Looking forward to it.  I think I can handle 75%. 8)


----------



## Greg (Aug 18, 2008)

Grassi21 said:


> Looking forward to it.  I think I can handle 75%. 8)



I have no doubt that you can. For your 3rd and 4th rides, we'll inch you closer to full speed. And for ride #5, we'll take you on the northern loop. You might quit MTB after that.


----------



## o3jeff (Aug 18, 2008)

Greg said:


> Bah. You've got tomorrow to tool around on them in the yard so come along anyway. It takes 10 minutes to get used to them. We'll give you crash course. Literally. :lol:



Thats about all I did was 10 minutes. Just keep twisting in out in out in out in out so it become natural. My first time out on the trail was our first ride with Nate and I don' think I did too bad.


----------



## o3jeff (Aug 18, 2008)

I'll have to give the shop a call tomorrow to see if they got my loaner. I'll tell you the ht certainly does give the body a good shakin.


----------



## Greg (Aug 18, 2008)

o3jeff said:


> I'll have to give the shop a call tomorrow to see if they got my loaner. I'll tell you the ht certainly does give the body a good shakin.

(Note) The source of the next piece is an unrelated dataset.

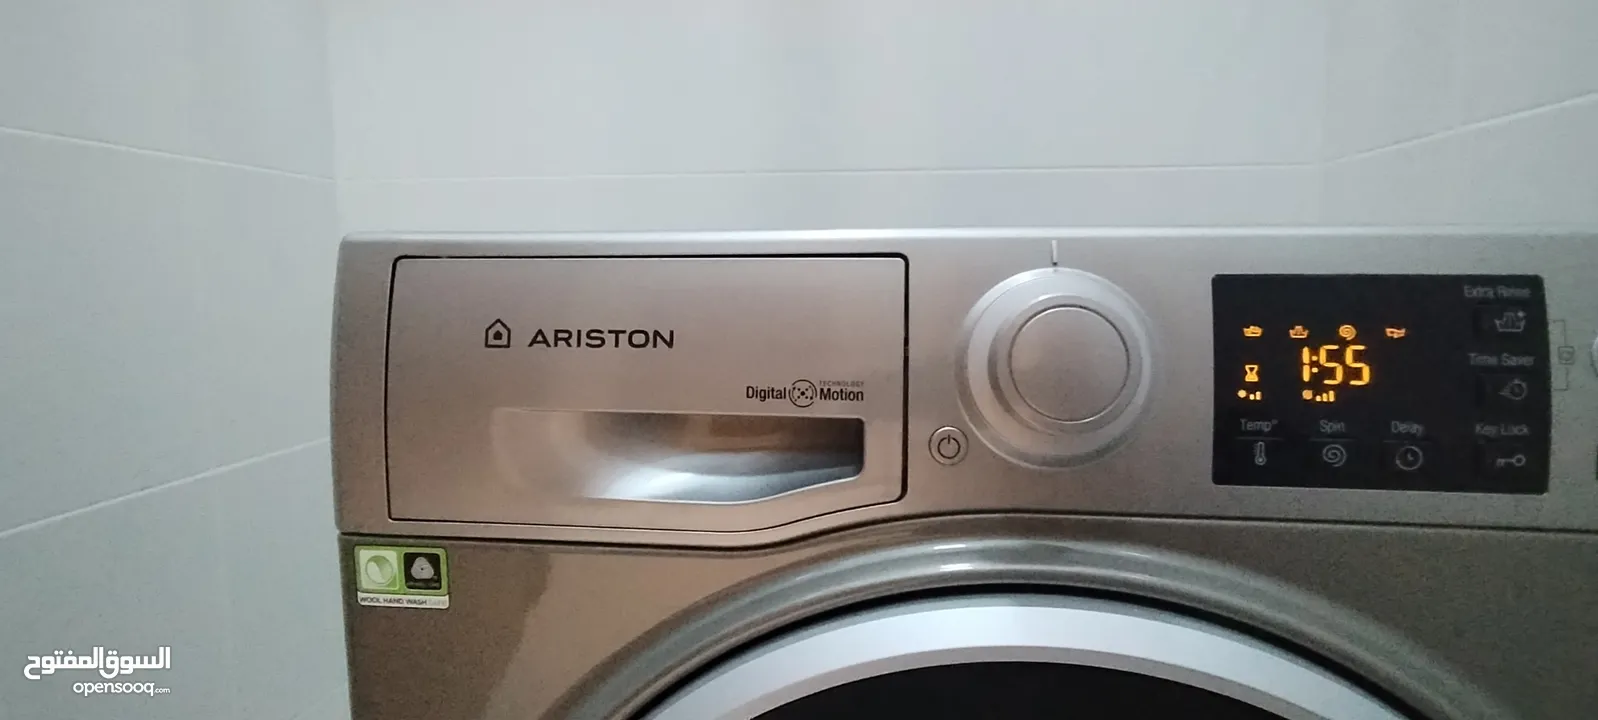 New washing machine not used no warranty غسالة ملابس جديده لم تستخدم الضمان مفقود

How do you think Chris feels on that beater rigid? :lol:


----------



## MR. evil (Aug 18, 2008)

Once I get my HT running we will all have to do a HT only ride. I am intrested to see how lazy my FS rig has made me.


----------



## severine (Aug 18, 2008)

I just did some practice laps in the driveway and around the house (after dark, no less!), but I think I'd like to try an easy ride at White Memorial before I rejoin you guys.  Just to get the hang of it a little more before I try the twisty singletrack again.  So it's likely I will not be there Wednesday.


----------



## powhunter (Aug 19, 2008)

Greg said:


> Bah. You've got tomorrow to tool around on them in the yard so come along anyway. It takes 10 minutes to get used to them. We'll give you crash course. Literally. :lol:



yea when I first got mine I set em up real loose....then practiced falling on the lawn

steve


----------



## o3jeff (Aug 19, 2008)

Greg, have you convinced Mr Knees to come get his bike and ride?


----------



## Greg (Aug 19, 2008)

o3jeff said:


> Greg, have you convinced Mr Knees to come get his bike and ride?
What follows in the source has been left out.